Postdoctoral researcher, Erasmus MC

Personal website

Interests

  • Radiomics
  • AutoML
  • Meta-Learning
  • Deep Learning
  • Pathomics
  • Oncology
  • Soft-tissue tumors / sarcoma
  • Liver cancer
  • Colorectal liver metastases

Education

  • PhD Streamlined Quantitative Imaging Biomarker Development, 2022

    Erasmus Medical Center

Research lines

  • Applied Medical Image Analysis

Projects

  • ICAIlab Trustworthy AI for MRI
  • EUCAIM
  • EuCanImage
  • Sarcoma Artificial Intelligence

Biography

Martijn Starmans is a postdoctoral researcher at the Biomedical Imaging Group of the Erasmus MC (Rotterdam, the Netherlands). His main research interest is the use of radiomics and deep learning to improve the diagnostic work-up in oncology. To this end, he focusses on exploiting automated machine learning and meta-learning to generalize methods across applications. To evaluate this generalization, he works on a variety of clinical applications (e.g. sarcoma, liver cancer, colorectal cancer, bladder cancer, melanoma, cardiology, neuroendocrine tumors) with various clinicians.
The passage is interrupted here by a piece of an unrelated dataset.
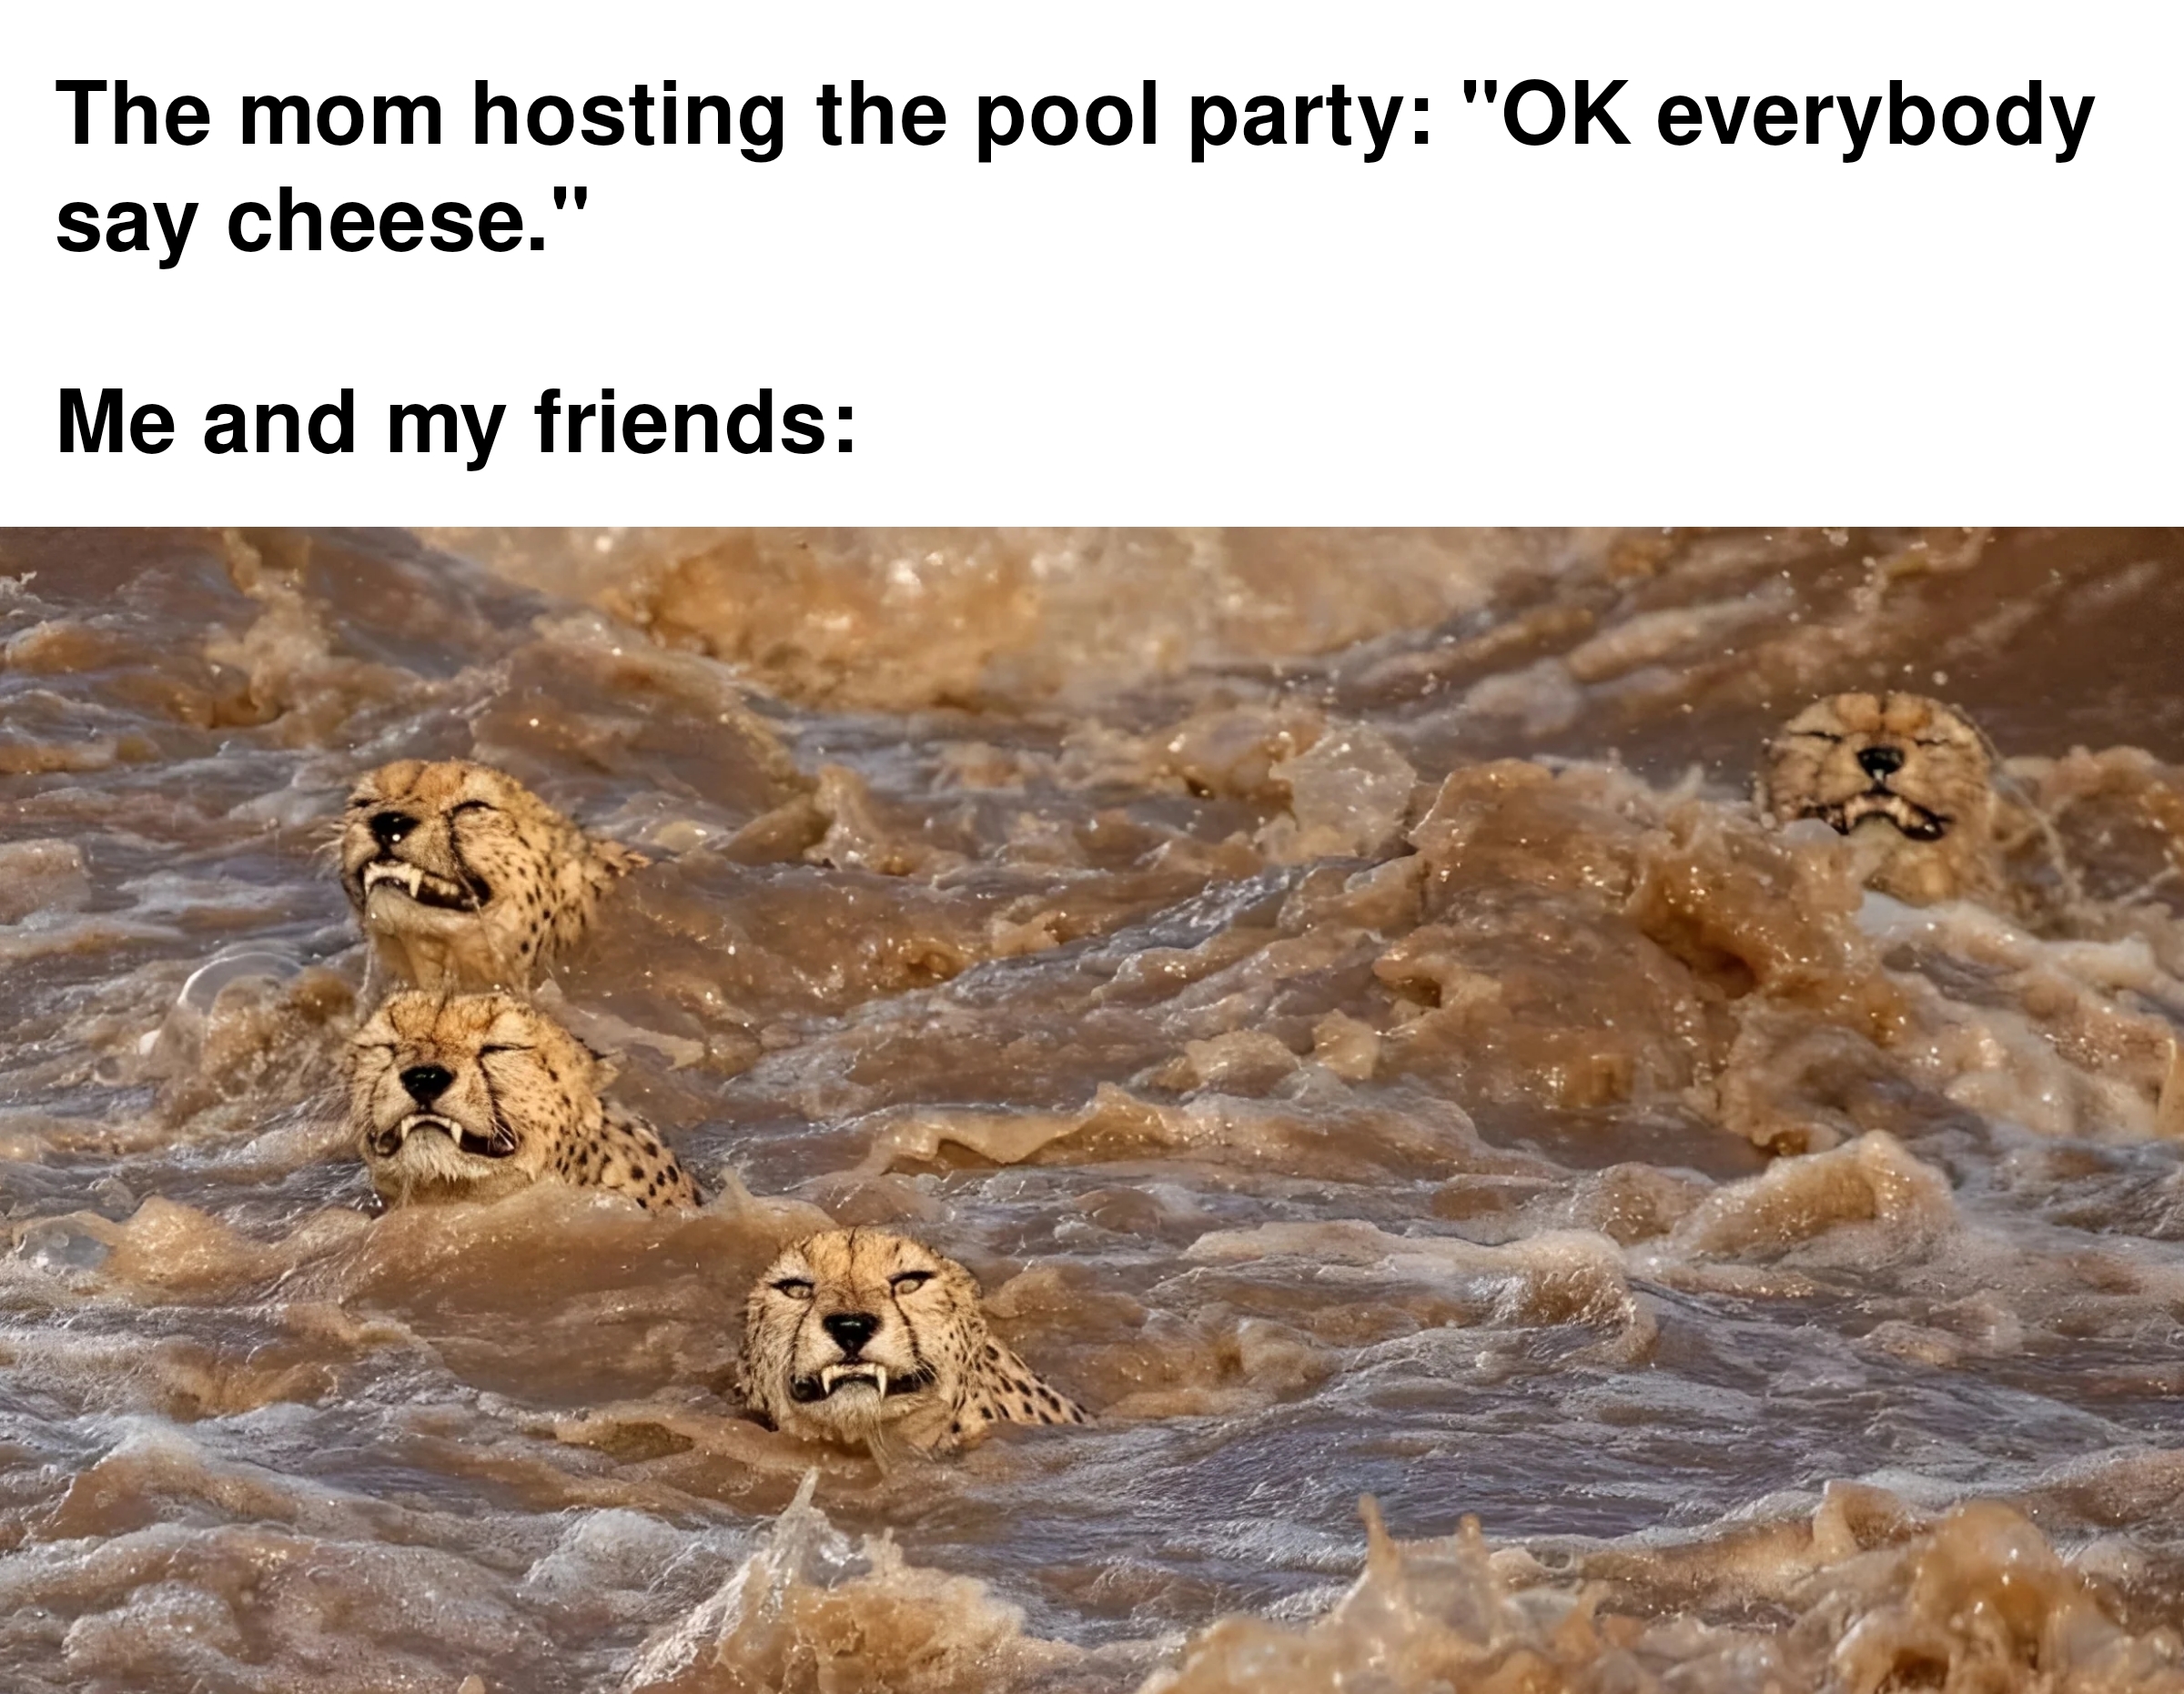 funny memes and pics - cheetahs crossing river - The mom hosting the pool party "Ok everybody say cheese." Me and my friends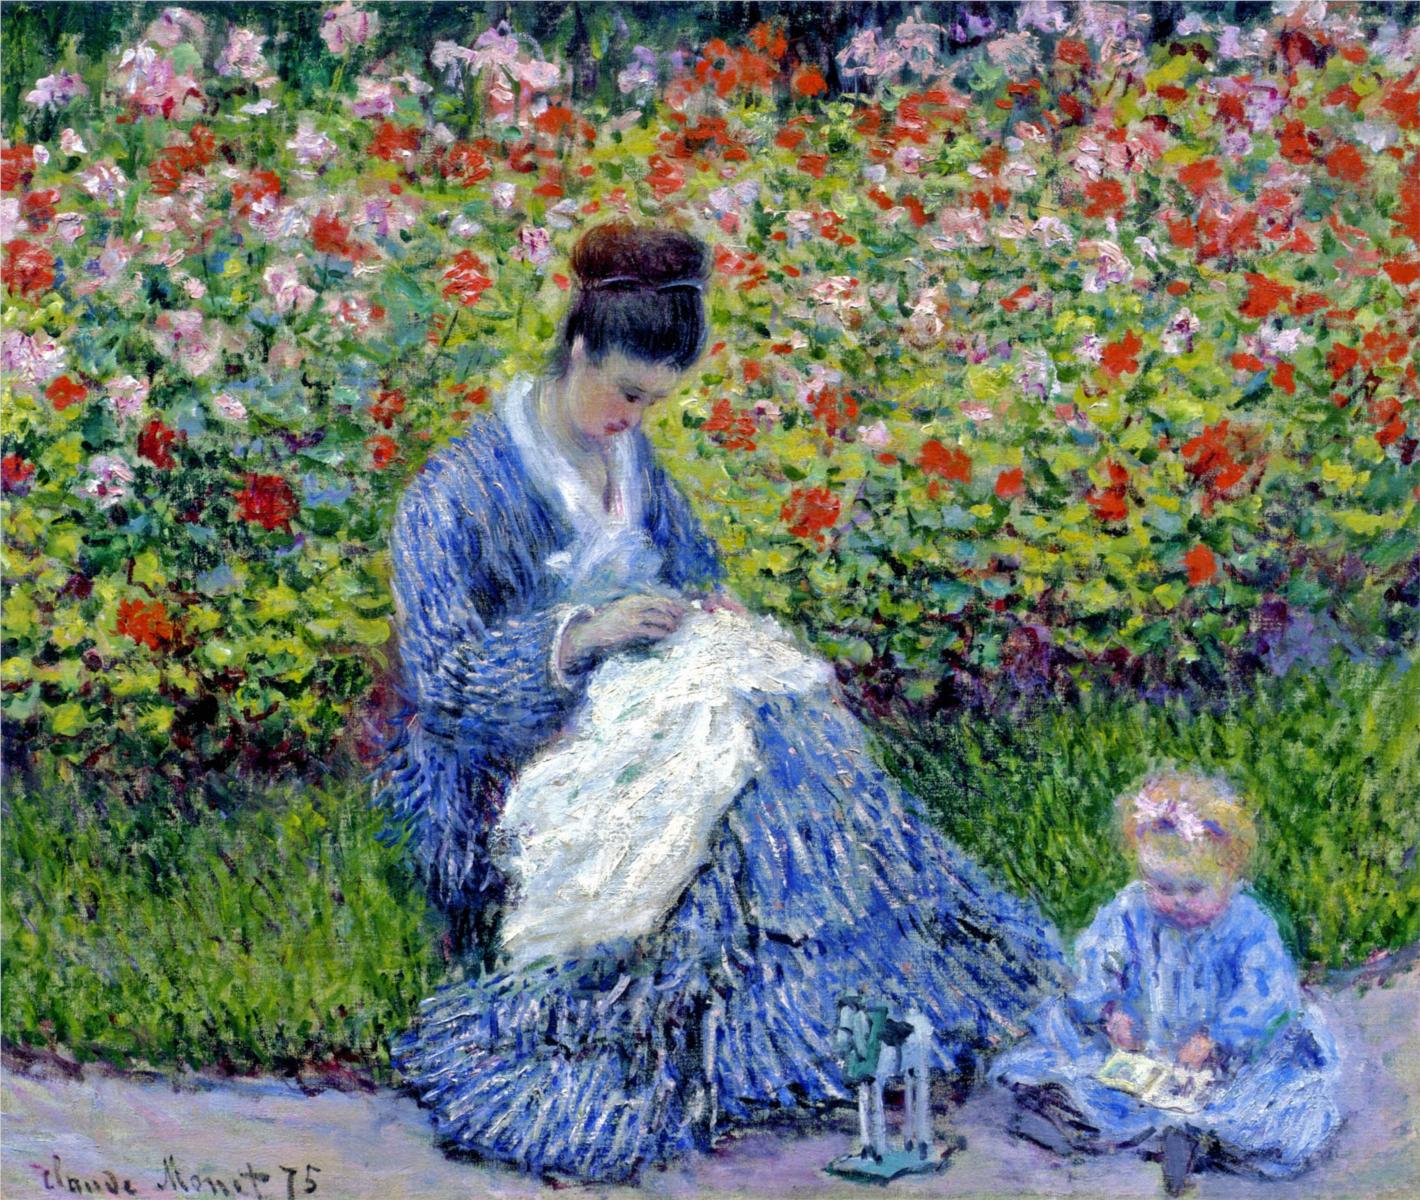  - Camille Monet and a Child in the Artist’s Garden in Argenteuil - مقهى جرير الثقافي

He successfully co-applied for a grant from the Hanarth foundation on AI for the grading and phenotyping of soft-tissue tumors, and is currently co-supervising two PhD students. Through his research, he has gained ample experience with imaging infrastructure, e.g. DICOM, CTP, XNAT. As supporter of open science, he has released the software for all his studies open source (e.g. his adaptive radiomics framework WORC) and released a large public database of 930 patients.

Collaborations

Martijn is involved in various working groups and is leader of the platform work package of the Horizon 2020 EuCanImage consortium: Towards a European cancer imaging platform for enhanced Artificial Intelligence in oncology. In this context, he recently visited the AI in Medicine group of Prof. Dr. Karim Lekadir at the University of Barcelona. He is one of the initiators of the Sarcoma Artificial Intelligence (SAI) consortium (grant awarded), the Liver AI (LAI) consortium (grant awarded), and project lead of the Colorectal Liver Metastes AI (COLIMA) consortium (grant submitted). In these consortia, in total 51 clinical centers, companies, professional- and patient associations from 18 countries are united. Additionally, he is external advisor of RadioVal, and member of the AI4HI AI Development working group, EUCAIM, and EOSC4Cancer. He has been a visiting researcher of the BCN-AIM lab of the University of Barcelona.

PhD Degree

Martijn obtained his PhD degree ‘‘cum laude’’ on February 1 2022 at the Erasmus Medical Center Rotterdam with his thesis titled Streamlined Quantitative Imaging Biomarker Development: Generalization of radiomics through automated machine learning. Following his passion to efficiently and automatically optimize routines, he developed an adaptive radiomics framework using automated machine learning, described in this paper. He collaborated with a large number of clinicians to develop radiomics biomarkers in a wide variety of clinical applications.

Download my PhD Thesis.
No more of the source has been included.